A bare-bones TensorFlow framework for Bayesian deep learning and Gaussian process approximation

Overview

Aboleth

circleCI Documentation Status

A bare-bones TensorFlow framework for Bayesian deep learning and Gaussian process approximation [1] with stochastic gradient variational Bayes inference [2].

Features

Some of the features of Aboleth:

  • Bayesian fully-connected, embedding and convolutional layers using SGVB [2] for inference.
  • Random Fourier and arc-cosine features for approximate Gaussian processes. Optional variational optimisation of these feature weights as per [1].
  • Imputation layers with parameters that are learned as part of a model.
  • Noise Contrastive Priors [3] for better out-of-domain uncertainty estimation.
  • Very flexible construction of networks, e.g. multiple inputs, ResNets etc.
  • Compatible and interoperable with other neural net frameworks such as Keras (see the demos for more information).

Why?

The purpose of Aboleth is to provide a set of high performance and light weight components for building Bayesian neural nets and approximate (deep) Gaussian process computational graphs.

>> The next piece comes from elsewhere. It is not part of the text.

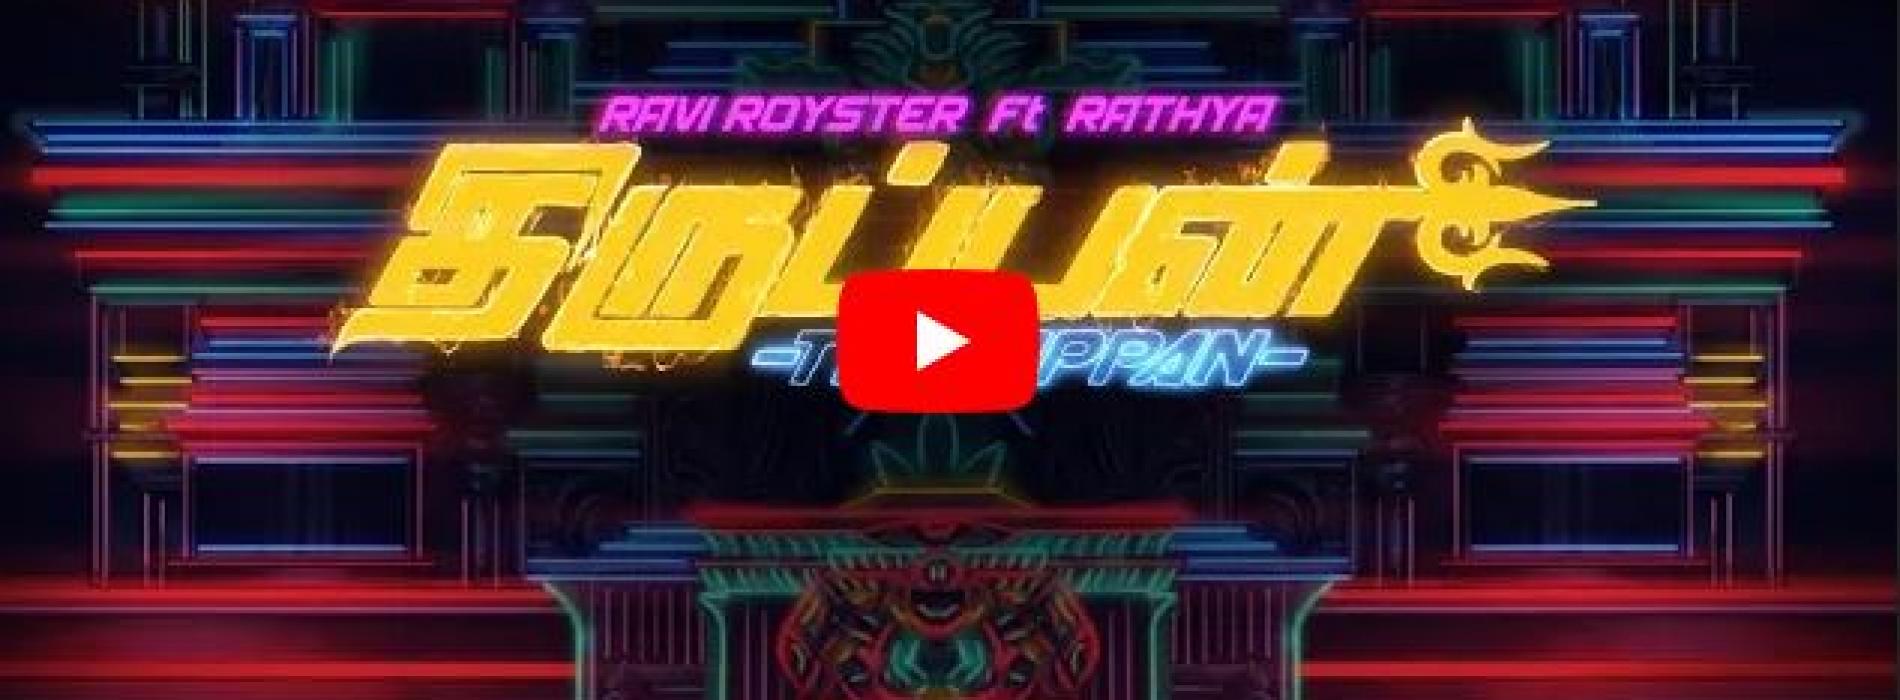 New Music : Ravi Royster – Thiruppan (திருப்பன்) Ft Rathya [Official Lyric Video]

We aim for minimal abstraction over pure TensorFlow, so you can still assign parts of the computational graph to different hardware, use your own data feeds/queues, and manage your own sessions etc.

Here is an example of building a simple Bayesian neural net classifier with one hidden layer and Normal prior/posterior distributions on the network weights:

import tensorflow as tf
import aboleth as ab

# Define the network, ">>" implements function composition,
# the InputLayer gives a kwarg for this network, and
# allows us to specify the number of samples for stochastic
# gradient variational Bayes.
net = (
    ab.InputLayer(name="X", n_samples=5) >>
    ab.DenseVariational(output_dim=100) >>
    ab.Activation(tf.nn.relu) >>
    ab.DenseVariational(output_dim=1)
)

X_ = tf.placeholder(tf.float, shape=(None, D))
Y_ = tf.placeholder(tf.float, shape=(None, 1))

# Build the network, nn, and the parameter regularization, kl
nn, kl = net(X=X_)

# Define the likelihood model
likelihood = tf.distributions.Bernoulli(logits=nn).log_prob(Y_)

# Build the final loss function to use with TensorFlow train
loss = ab.elbo(likelihood, kl, N)

# Now your TensorFlow training code here!
...

At the moment the focus of Aboleth is on supervised tasks, however this is subject to change in subsequent releases if there is interest in this capability.

Installation

NOTE: Aboleth is a Python 3 library only. Some of the functionality within it depends on features only found in python 3. Sorry.

To get up and running quickly you can use pip and get the Aboleth package from PyPI:

$ pip install aboleth

For the best performance on your architecture, we recommend installing TensorFlow from sources.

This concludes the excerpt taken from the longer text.